Извозчик покачал головою.
— Не, панич, яка Лавра! — сказал он недовольным тоном. — Лавра на Печерске… Це Софийский собор.
«Кажется, это очень древняя церковь, чуть ли ей не тысяча лет», — подумал Штааль, опять сердясь на себя за то, что так плохо знал историю своей страны. Он еще оглянулся. Огромный собор (кое-как оправившийся в ту пору от разрушений 17 века и от мазепинской реставрации) лучше можно было разглядеть с другого конца площади.
«А ведь это не русский штиль? — нерешительно подумал Штааль, сходя с дрожек. — Русский штиль — это Василий Блаженный. А может, то не русский, ведь это будет подревнее. Ну, уж я не знаю, какой это штиль, только лучше этой площади и этого храма я ничего в мире не видывал. Белое с золотом, как просто и как хорошо…»
Он обошел вокруг церкви. Извозчик недоверчиво ехал за ним шагом. Штааль снял шляпу и очутился за оградой, замешавшись в толпу богомольцев. «Какая громада — другой такой в мире нет, разве парижская Notre Dame, — сказал себе неожиданно Штааль, почему-то сравнивая обе церкви. — Вот уж сходства никакого: день и ночь. А все-таки…» Он не знал, какое тут все-таки. Солнечный свет вдруг погас. Горели восковые свечи. Штааль с наслаждением вдыхал прохладный, дышащий ладаном воздух.
Старый монах объяснял богомольцам, что церковь построена великим князем Ярославом. «Как будто не менее тысячи лет, — подумал Штааль еще нерешительнее. — Всякие у нас были Ярославы, Святославы, Мстиславы, Изяславы — разве это можно запомнить? — Он постоял перед Нерушимой Стеной. — Чудо, как красив! — подумал Штааль, отходя за толпою, следовавшей за монахом (в качестве Вольтерова ученика он только красоты и искал в храме). — Изумительно! Как странно, что тысячу лет назад люди умели создавать такое…» Его немного задевало, что старый монах, видимо, не делал никакой разницы между ним и богомольцами и не обращался к нему особо. В алтаре Владимирского придела они остановились перед гробницей князя Ярослава. На двускатной крыше мраморного иссиня-белого саркофага были изображены странные фигуры: не то птицы, не то звери, не то рыбы. Штааль долго думал, что это могло бы значить. Неразгаданная мысль неизвестного художника, жившего тысячу лет тому назад, его волновала. Он отделился от богомольцев, вернулся к Нерушимой Стене, поднялся по лестнице. Где-то из-под облупившейся штукатурки виднелись потускневшие фрески, видимо очень старые. Штааль вгляделся в них. Фрески изображали охоту. Были здесь грифоны, крылатые львы, разные диковинные звери. Фрески показались знакомыми Штаалю. «Неужели и это создано в ту пору?.. Какую же Петр нам открыл Европу, ежели у нас было это за тысячу лет назад? — спросил себя Штааль, с все большим удивлением глядя на фрески. — Ведь это прямо Венеция…»

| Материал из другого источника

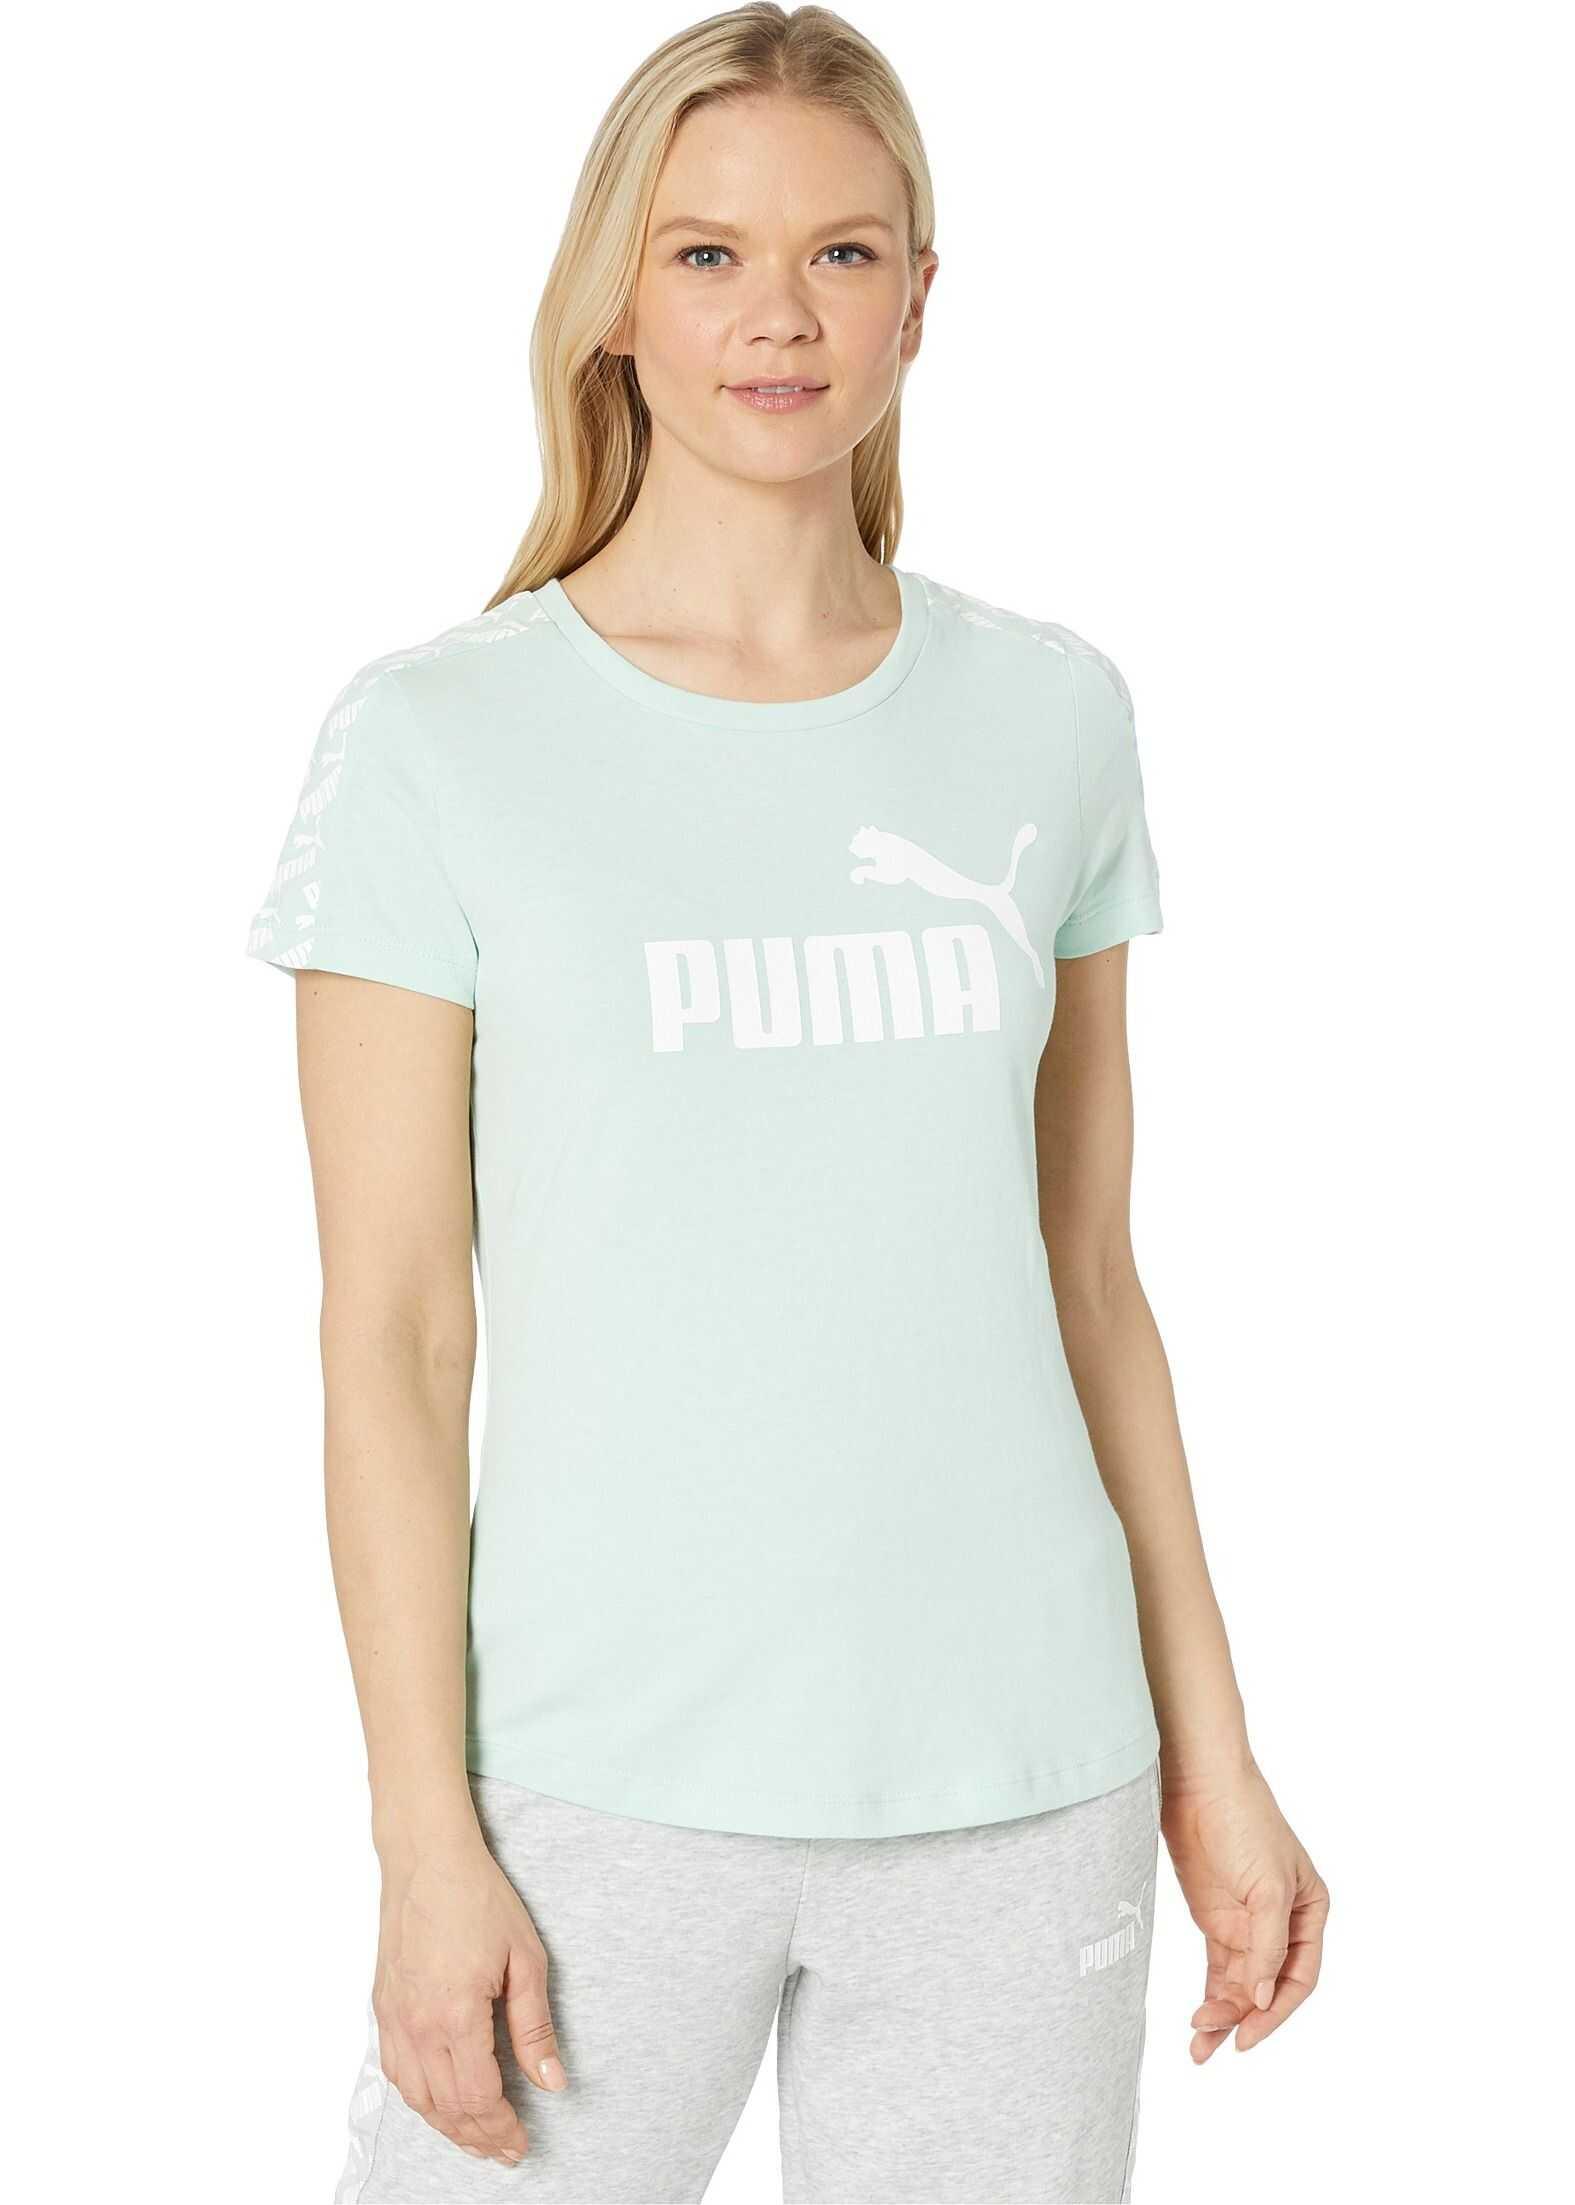 PUMA Amplified Tee Mist Green

Когда они подъехали к Днепру, уже было почти темно. Повеяло сырой прохладой. Впереди показалась отсвечивавшаяся последними огнями неба стальная, быстро темневшая, местами уже черная лента, загибавшаяся где-то вдали. «Вот он, Борисфен», — сказал вслух Штааль, настраиваясь на торжественный лад. Ямщик подтянулся на козлах и осторожно спустился к реке. Через Днепр переезжали по плавучему мосту на барках. Почерневшая река казалась неровной и неуютной, несмотря на тихую погоду. Справа на Трухановом острове уже зажигались редкие, отражавшиеся далеко в воде фонари. Мост дрожал. Перил не было. Лошади пугливо озирались, у ямщика вид был озабоченный. Штааль вздохнул свободно, когда они съехали с моста и медленно пошли в гору. Беловатый полукруг месяца быстро желтел, наливаясь огнем. На потемневшем небе показалась дрожащая звезда и долго оставалась одинокой. Потом сразу вызвездило все небо. Воздух был свеж необыкновенно. С обеих сторон шедшей по холмам зигзагами дороги тянулись мрачные леса. Кое-где горели костры богомольцев.
— Аскольдова могила, — сказал ямщик. Штааль высунулся из экипажа.

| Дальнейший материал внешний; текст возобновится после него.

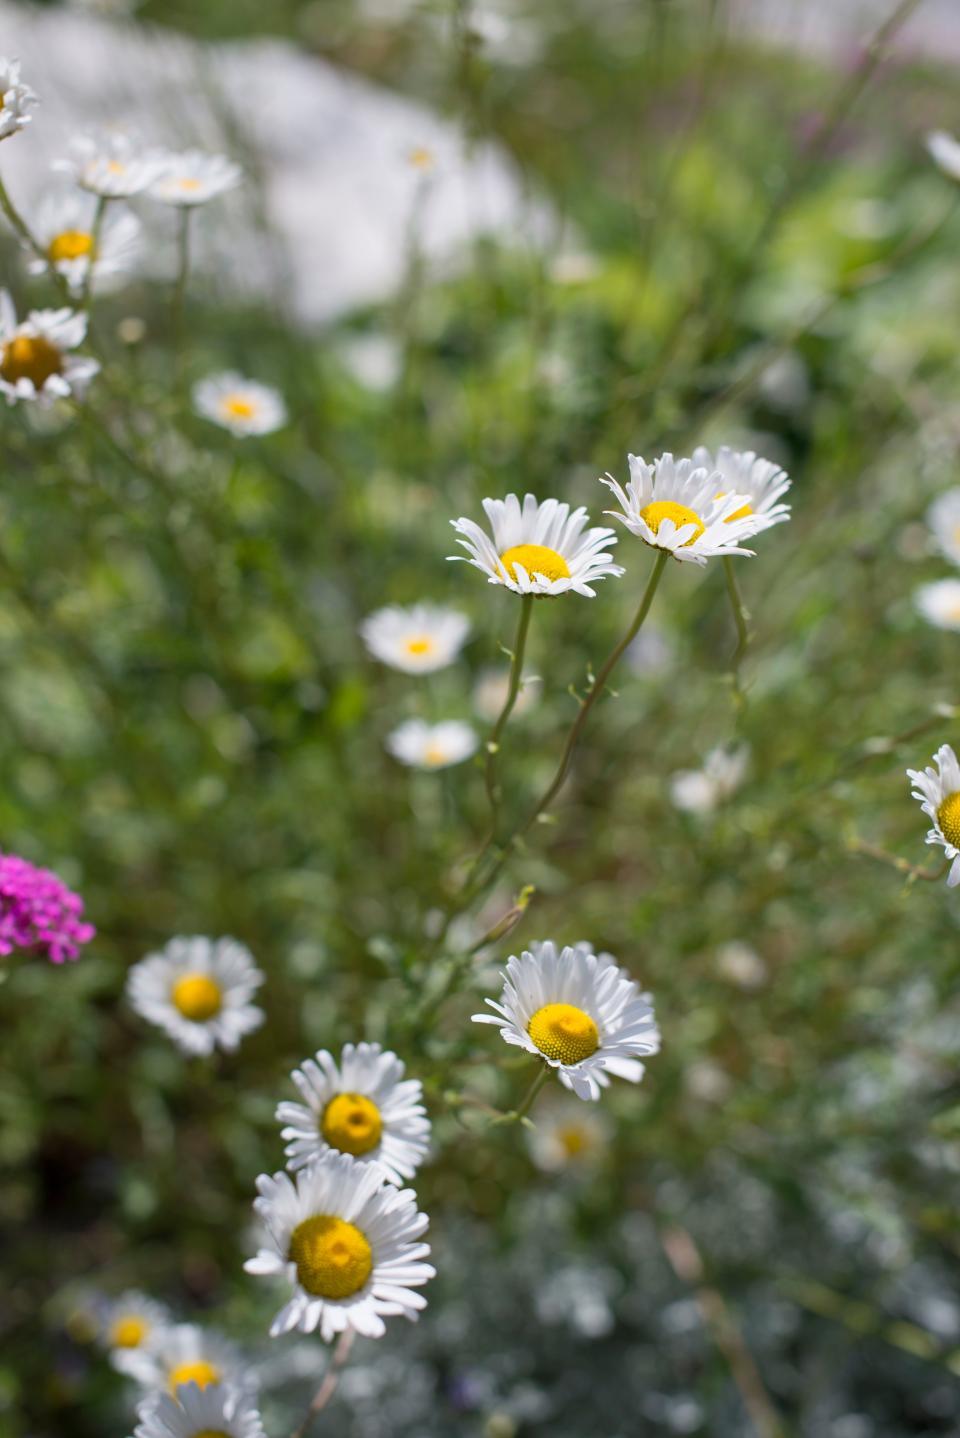 flower, white, petal, garden, plant, nature, blur

— Где? — спросил он. Ямщик неопределенно ткнул рукой в пространство. Штааль не видел никакой могилы. Везде грозно чернел неподвижный лес. Имя Аскольда было знакомо Штаалю и как-то связывалось в его памяти с Киевом, но Штааль решительно не помнил, кто это: не то он кого-то здесь убил, не то его здесь убили. «Верно, его убили, иначе и могилы бы не было», — основательно заключил Штааль. Помнил он еще, что кроме Аскольда был какой-то Дир. «Кажется, и Дира тоже убили, а вот могила называется Аскольдовой», — подумал он, с улыбкой чувствуя легкую обиду за Дира и раздражение против Аскольда за то, что выскочил. Так в училище говорили о совавшихся вперед товарищах. «Колька Петров любил выскакивать, мы его раз за это вздули. А то еще были Кий, Щек и Хорив. Эти, я помню, основали Киев… Больше, хоть убей, ничего не помню и не знаю, что за люди, не то поляне, не то древляне, не то еще какие-то „ляне“. Эх, плохо нас учили, стыдно не знать отечественной истории», — печально думал Штааль.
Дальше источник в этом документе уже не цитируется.